ECONOMíA › EL CEO DEL DEUSTCHE HABLA DE LA ARGENTINA

El muerto y el degollado

 Por Julio Nudler

“Dos largos años después de haber declarado el default sobre una deuda de aproximadamente 90 mil millones de dólares con inversores privados, sin haberles pagado nada desde entonces, la Argentina tiene pendiente todavía iniciar un diálogo honesto, abarcativo y sistemático con sus acreedores. Esto habla de la necesidad general de acordar una guía para la restructuración de deudas soberanas.” En estos términos acaba de escribir en el Financial Times quien es a la vez CEO (máximo ejecutivo) del Deutsche Bank, el segundo de Europa por activos, y presidente del Instituto de Finanzas Internacionales. Se trata del suizo Josef Ackermann. Al referirse él duramente a la Argentina es como si el muerto hablara del degollado, porque desde enero debe distraer dos días cada semana para asistir a un tribunal regional en Düsseldorf, donde se lo juzga por “Untreue”, es decir, infidelidad y defraudación de la confianza. Si el jurado lo hallare culpable podría ser condenado a una pena de hasta diez años de prisión. El proceso insumiría cinco meses.

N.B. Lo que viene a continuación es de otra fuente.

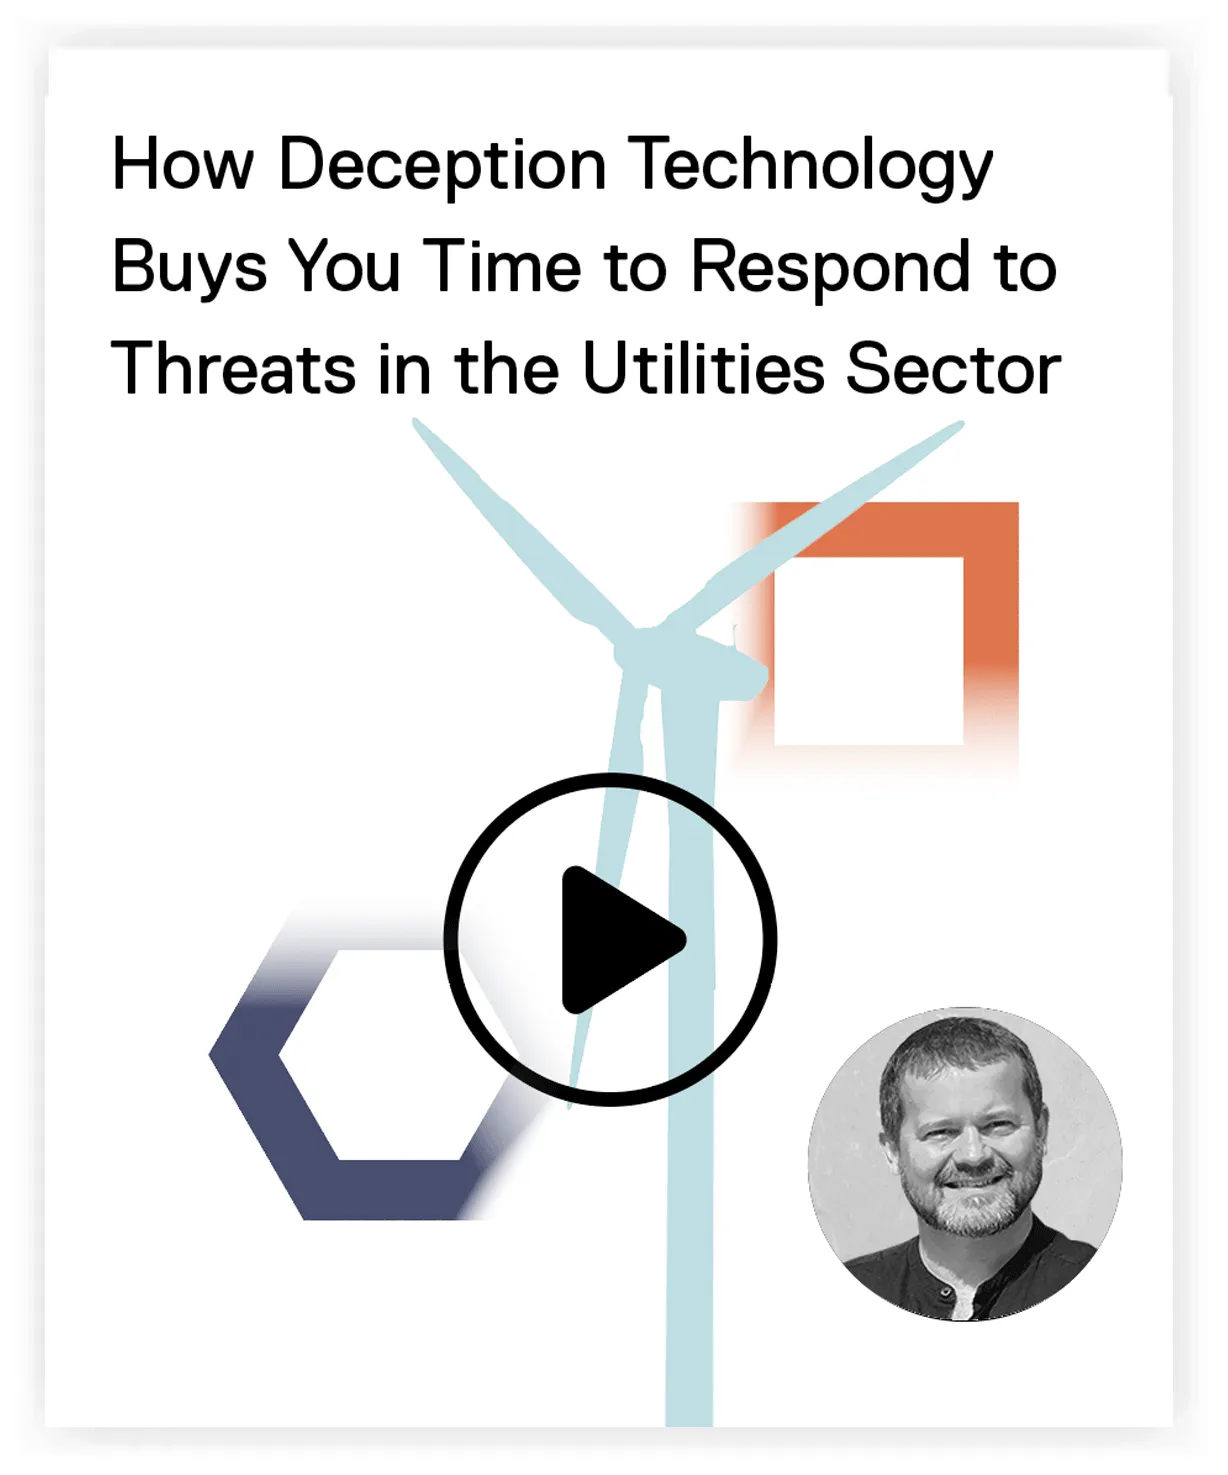 How deception technology buys you time to respond to threats in the utilities sector?

Aunque Ackerman, que es al mismo tiempo director de Bayer, Lufthansa, Siemens y Linde, no ha perdido la calma, y hasta redacta artículos sobre cuestiones financieras, su situación es complicada. Lo que se le reprocha es haber contribuido a aprobar unos bonus por 57 millones de euros, entregados a ejecutivos de Mannesmann, una empresa de telecomunicaciones, después que aceptaron que esa firma fuera tragada por la inglesa Vodafone en febrero de 2000, en una absorción hostil por la que ésta pagó 192 mil millones de euros.

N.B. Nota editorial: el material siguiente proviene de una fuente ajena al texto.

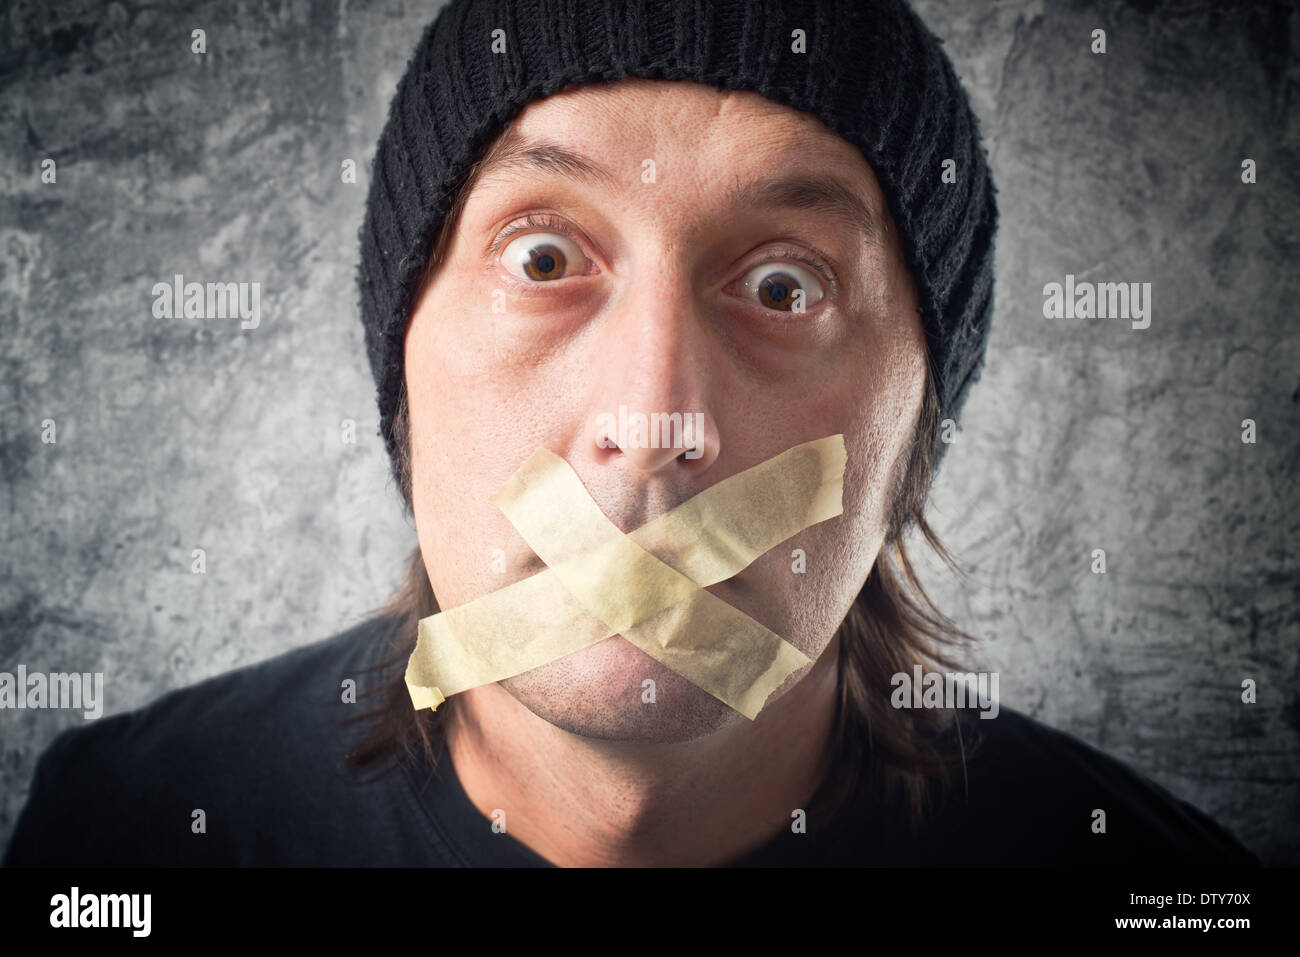 My lips are sealed. Casual Man with black cap having tape over his mouth. Stock Photo

Ackermann, que se defiende en nombre de un capitalismo meritocrático, estuvo en favor por ejemplo de que se premiara a Klaus Esser, CEO de Mannesmann, con 57 millones de euros, mientras Esser asegura que él y sus colegas lograron que Vodafone elevara en 77 mil millones la oferta por el gigante germano. Pero lo que nadie objetaría en Estados Unidos, donde los ejecutivos amasan fortunas, es absolutamente condenable en Alemania. Ackermann parece más a gusto con las prácticas norteamericanas, lo que ya demostró al despedir 14.470 empleados del Deutsche para limar costos.
En su comentario, presagia que habrá más países que necesitarán restructurar su deuda (¿alusión a Brasil?), y exhorta por tanto a inversores, acreedores y deudores soberanos (gobiernos) a darse prisa y establecer un conjunto de principios voluntarios para encuadrar las finanzas de los mercados emergentes. El cree que es éste el momento para hacerlo, porque en 2003 subió un 50 por ciento el flujo de capitales hacia la periferia, saltando a un neto de 185 mil millones de dólares. La abundante liquidez y la magra rentabilidad en los países del G-7 impulsaron ese proceso. Pero en cualquier momento puede revertirse, porque Estados Unidos endurezca su política monetaria (eleve las tasas) u otra razón.
Para Ackermann, hay que evitar que algo así dé lugar a nuevas crisis y a procesos de contagio. Pero en concreto es poco lo que él aporta porque no realiza propuesta alguna. Se contenta con enfatizar la necesidad de que acreedores y deudores se sienten a negociar de buena fe, con lo que parece señalar a la Argentina como el ejemplo que nadie debería seguir, según ve las cosas una fracción del establishment financiero internacional.